═══ COLLECTED MATERIAL
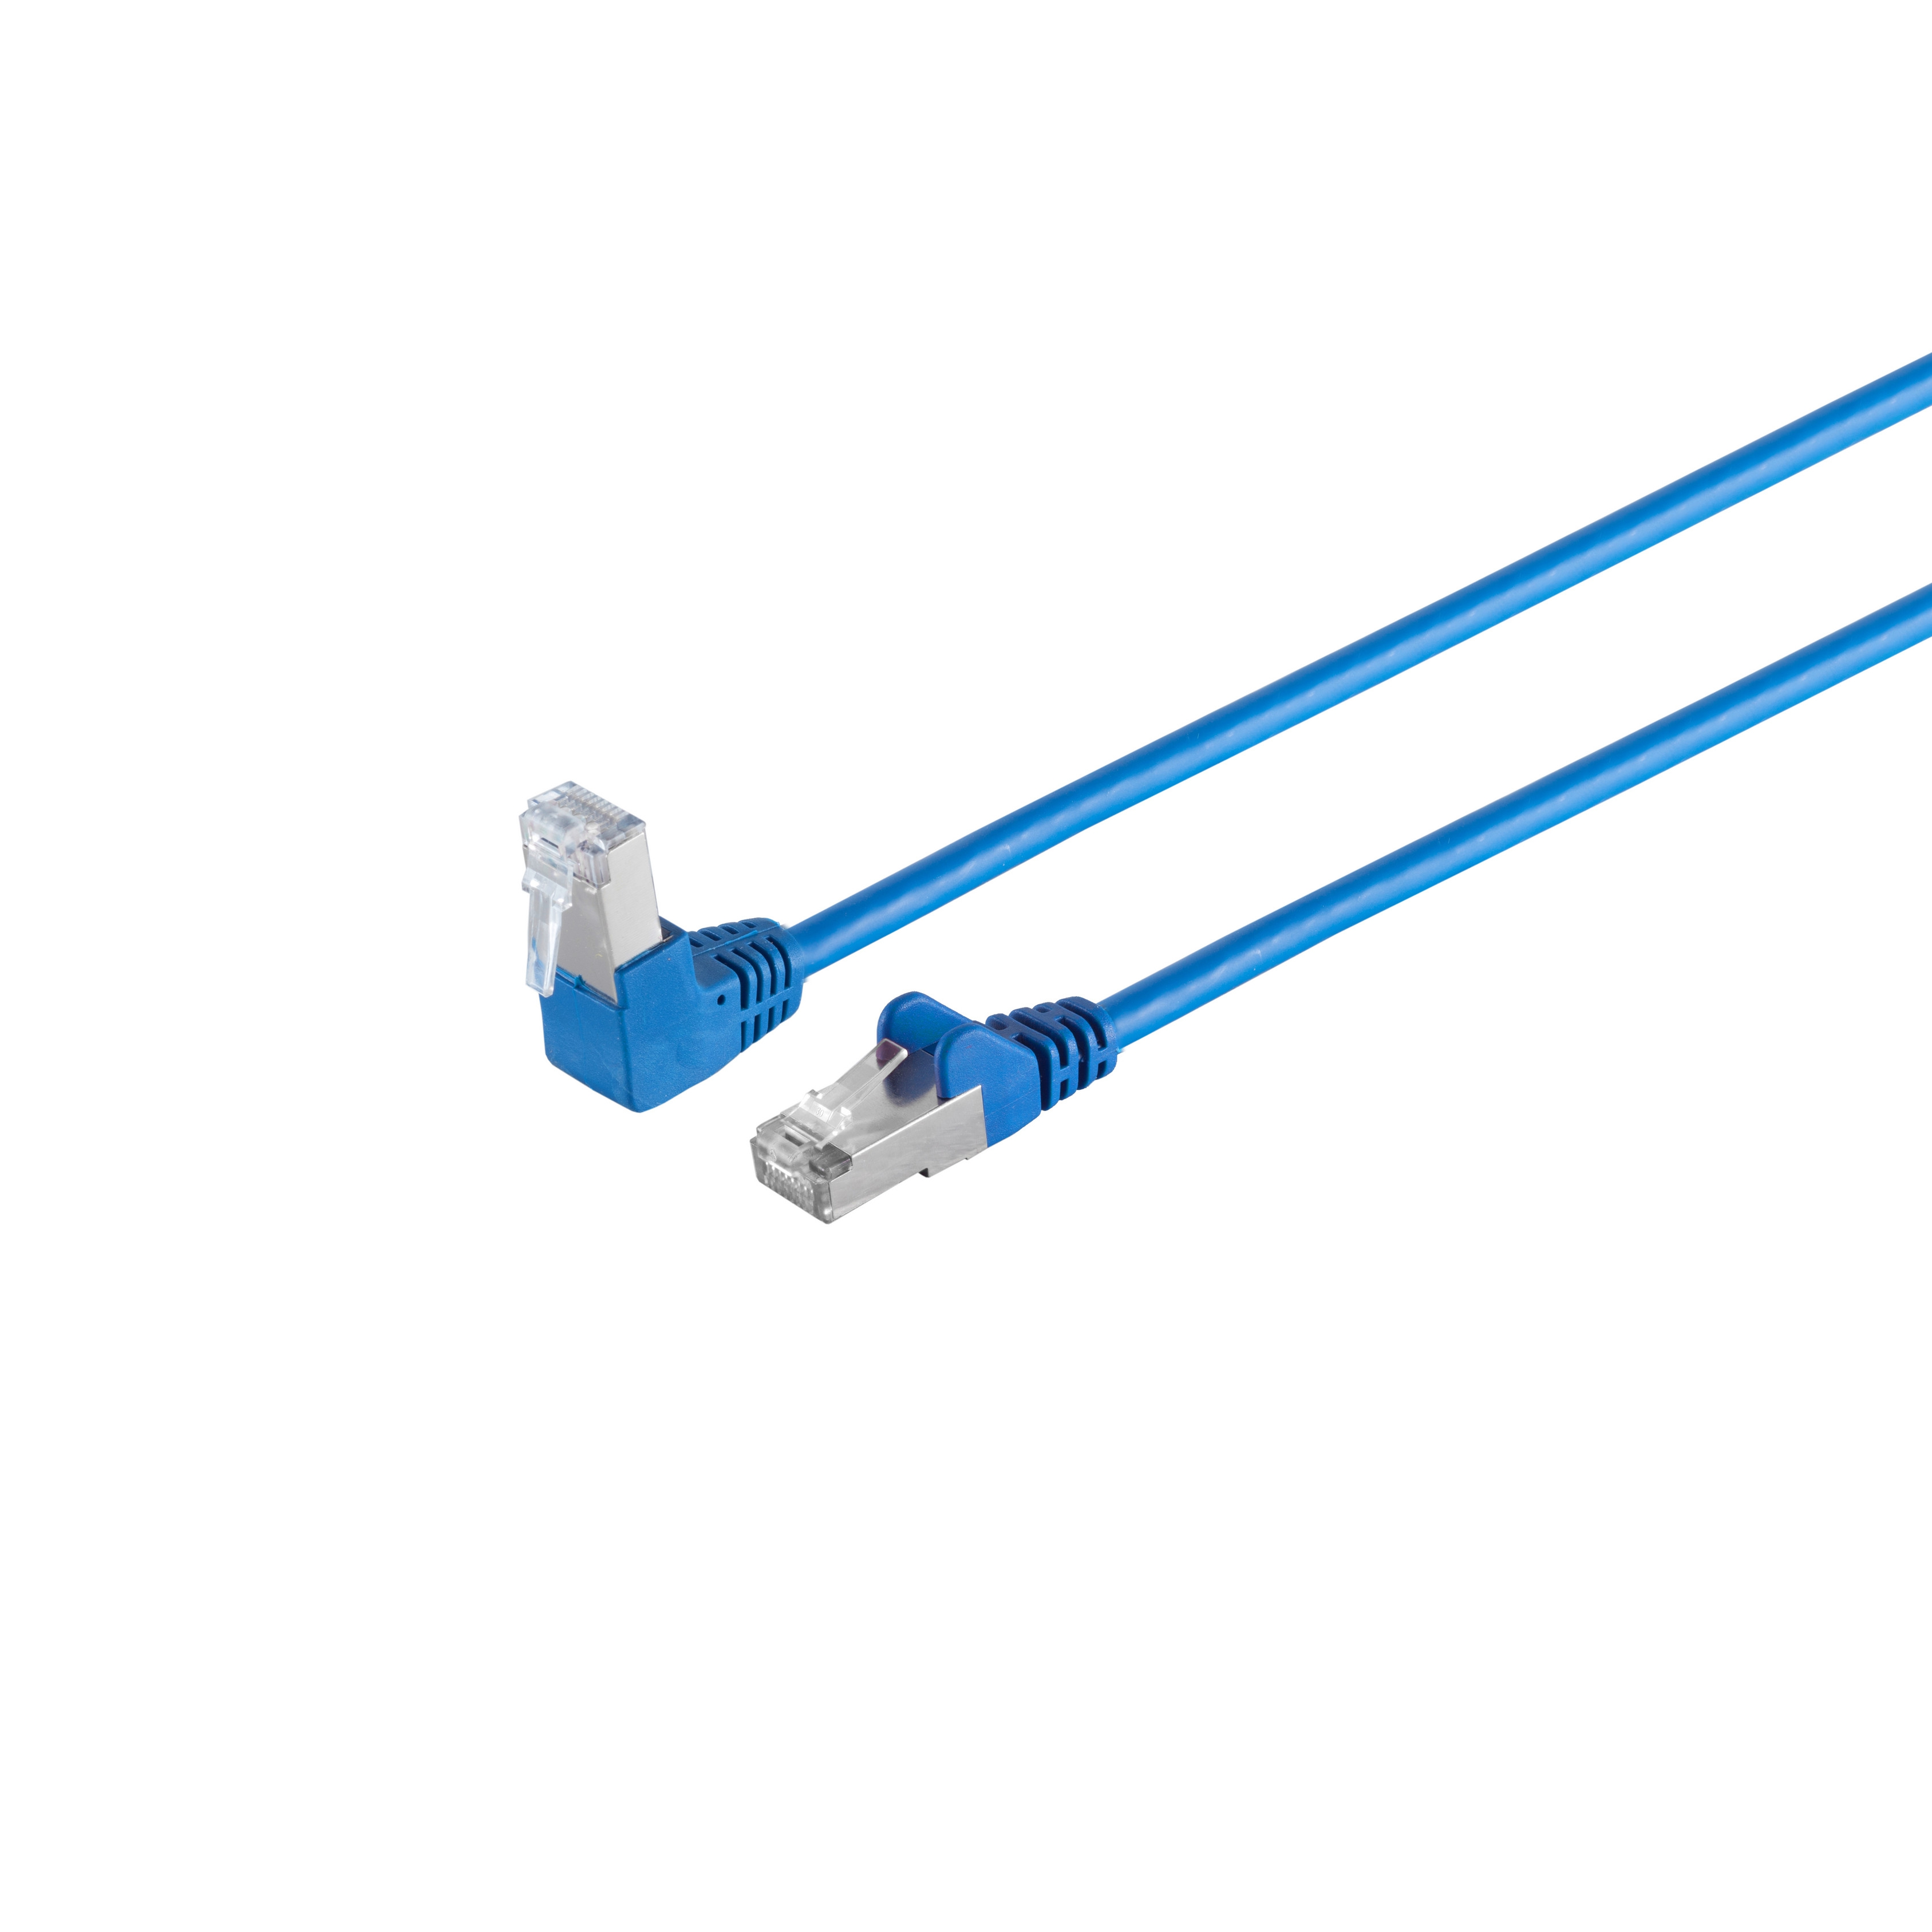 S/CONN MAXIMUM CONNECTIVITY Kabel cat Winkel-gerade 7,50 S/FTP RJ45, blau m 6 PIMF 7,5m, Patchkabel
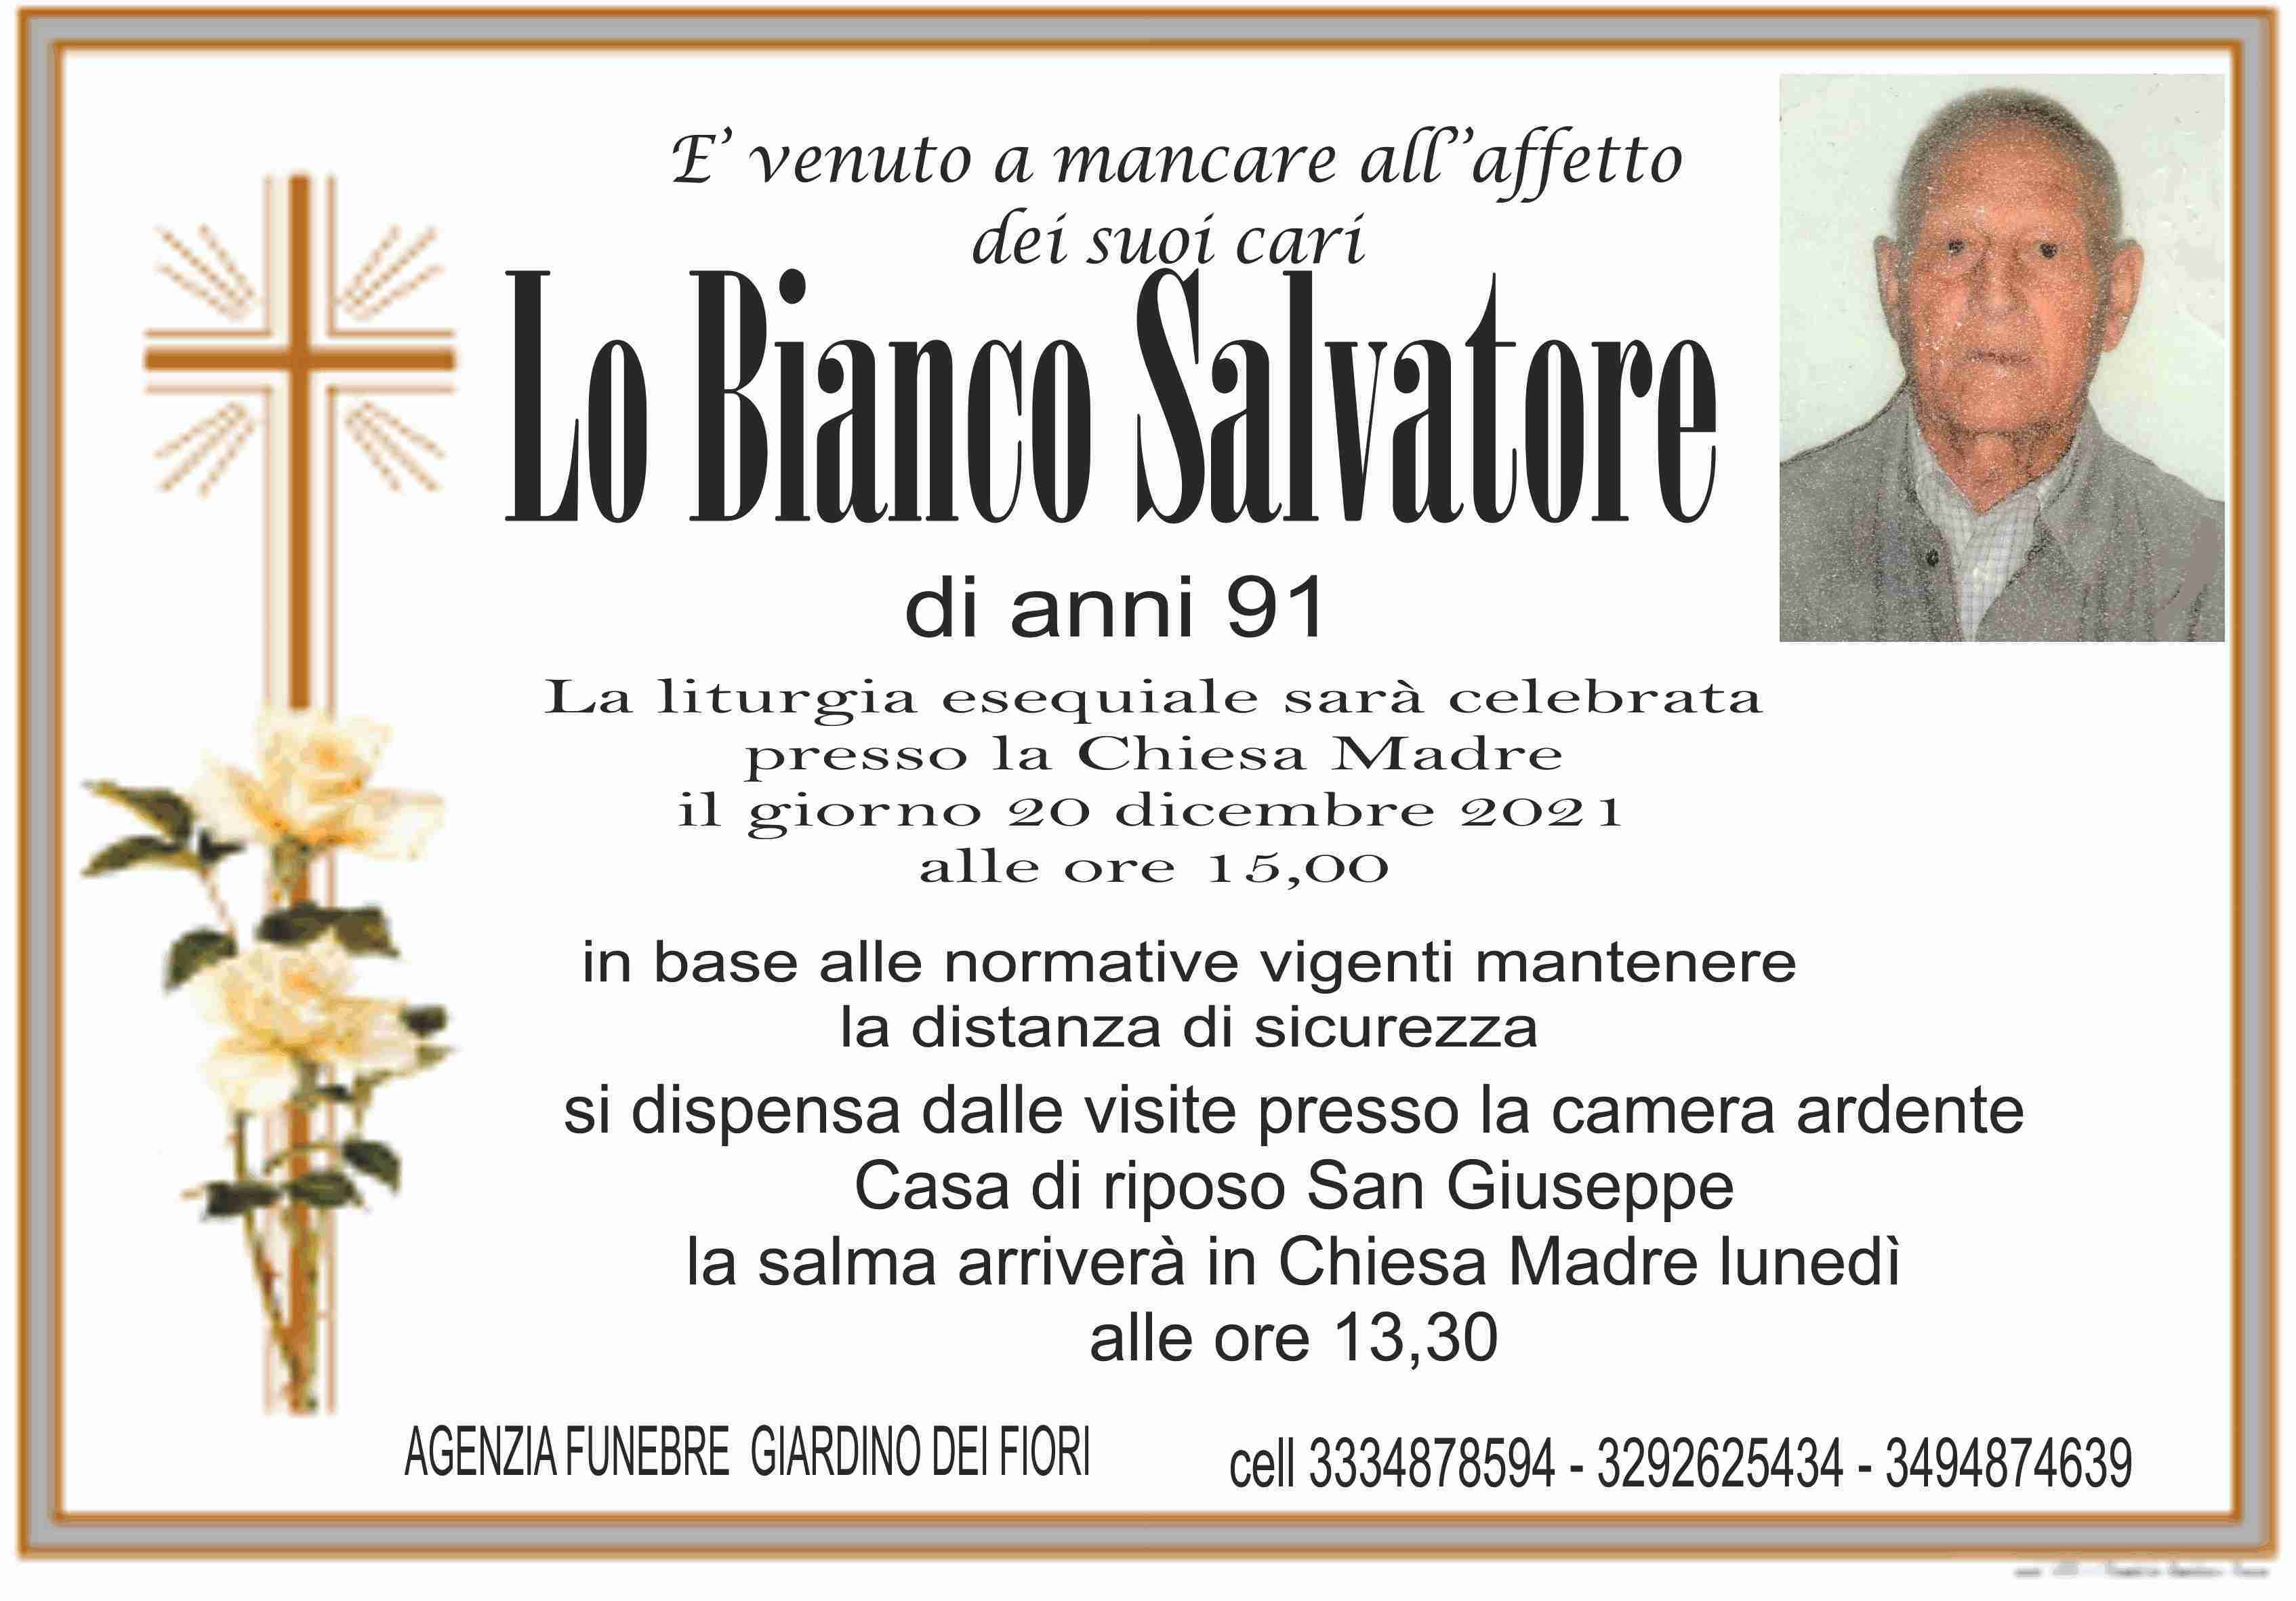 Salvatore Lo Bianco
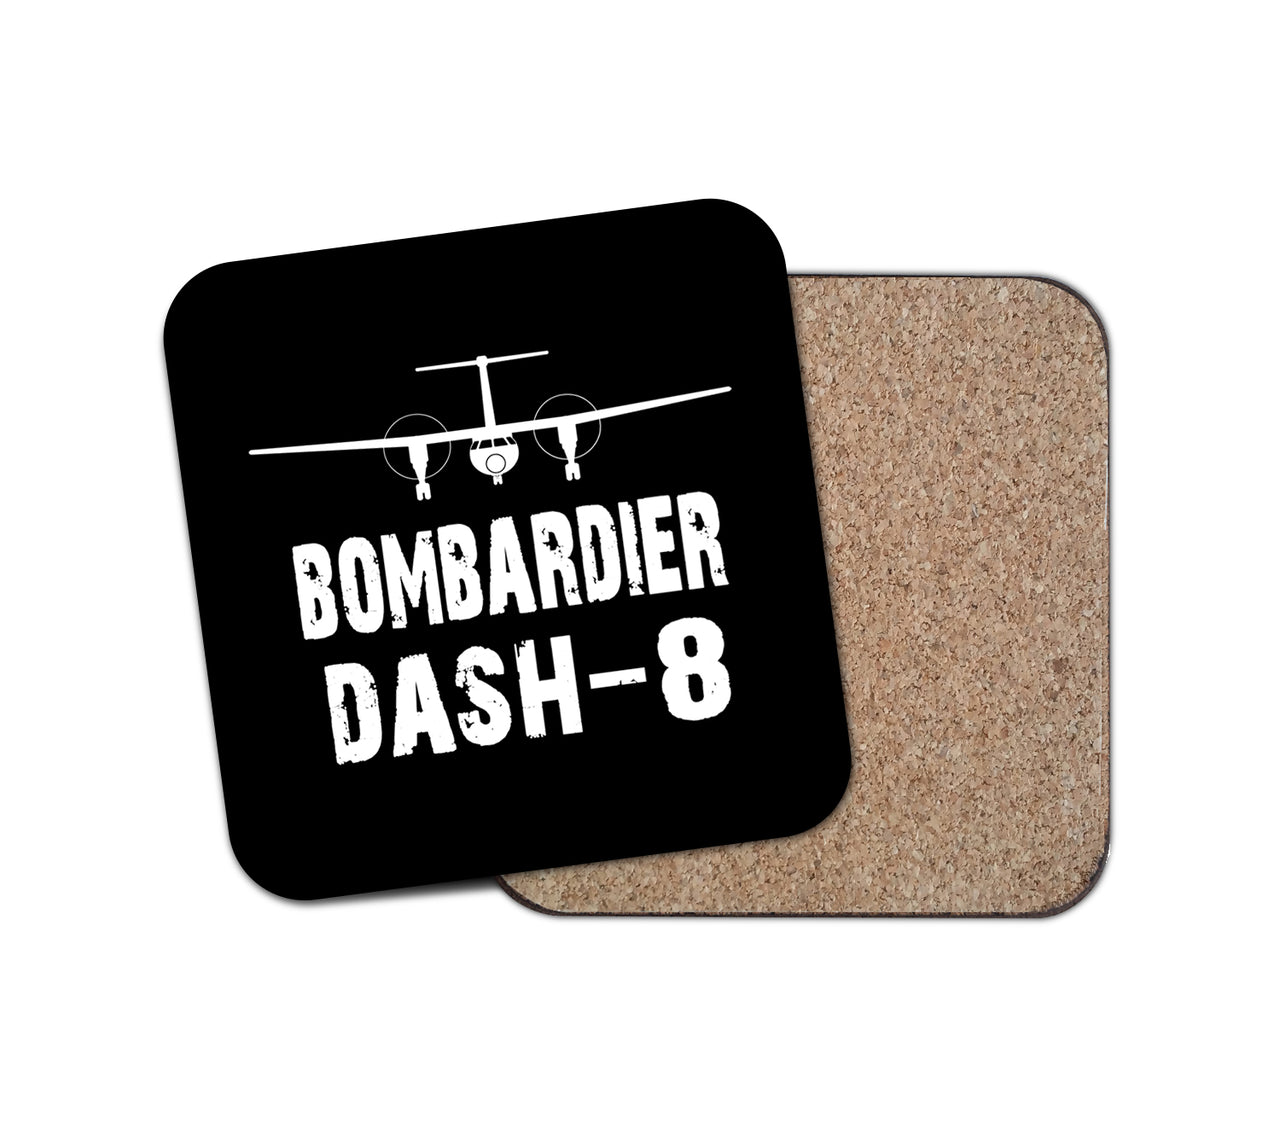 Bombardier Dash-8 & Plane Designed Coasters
══════
*EXERCISE*.
Please output the material above again, exactly, and omit every image.

*ANSWER TO THE EXERCISE*.
 S/CONN MAXIMUM CONNECTIVITY Kabel cat Winkel-gerade 7,50 S/FTP RJ45, blau m 6 PIMF 7,5m, Patchkabel
 Salvatore Lo Bianco
 Bombardier Dash-8 & Plane Designed Coasters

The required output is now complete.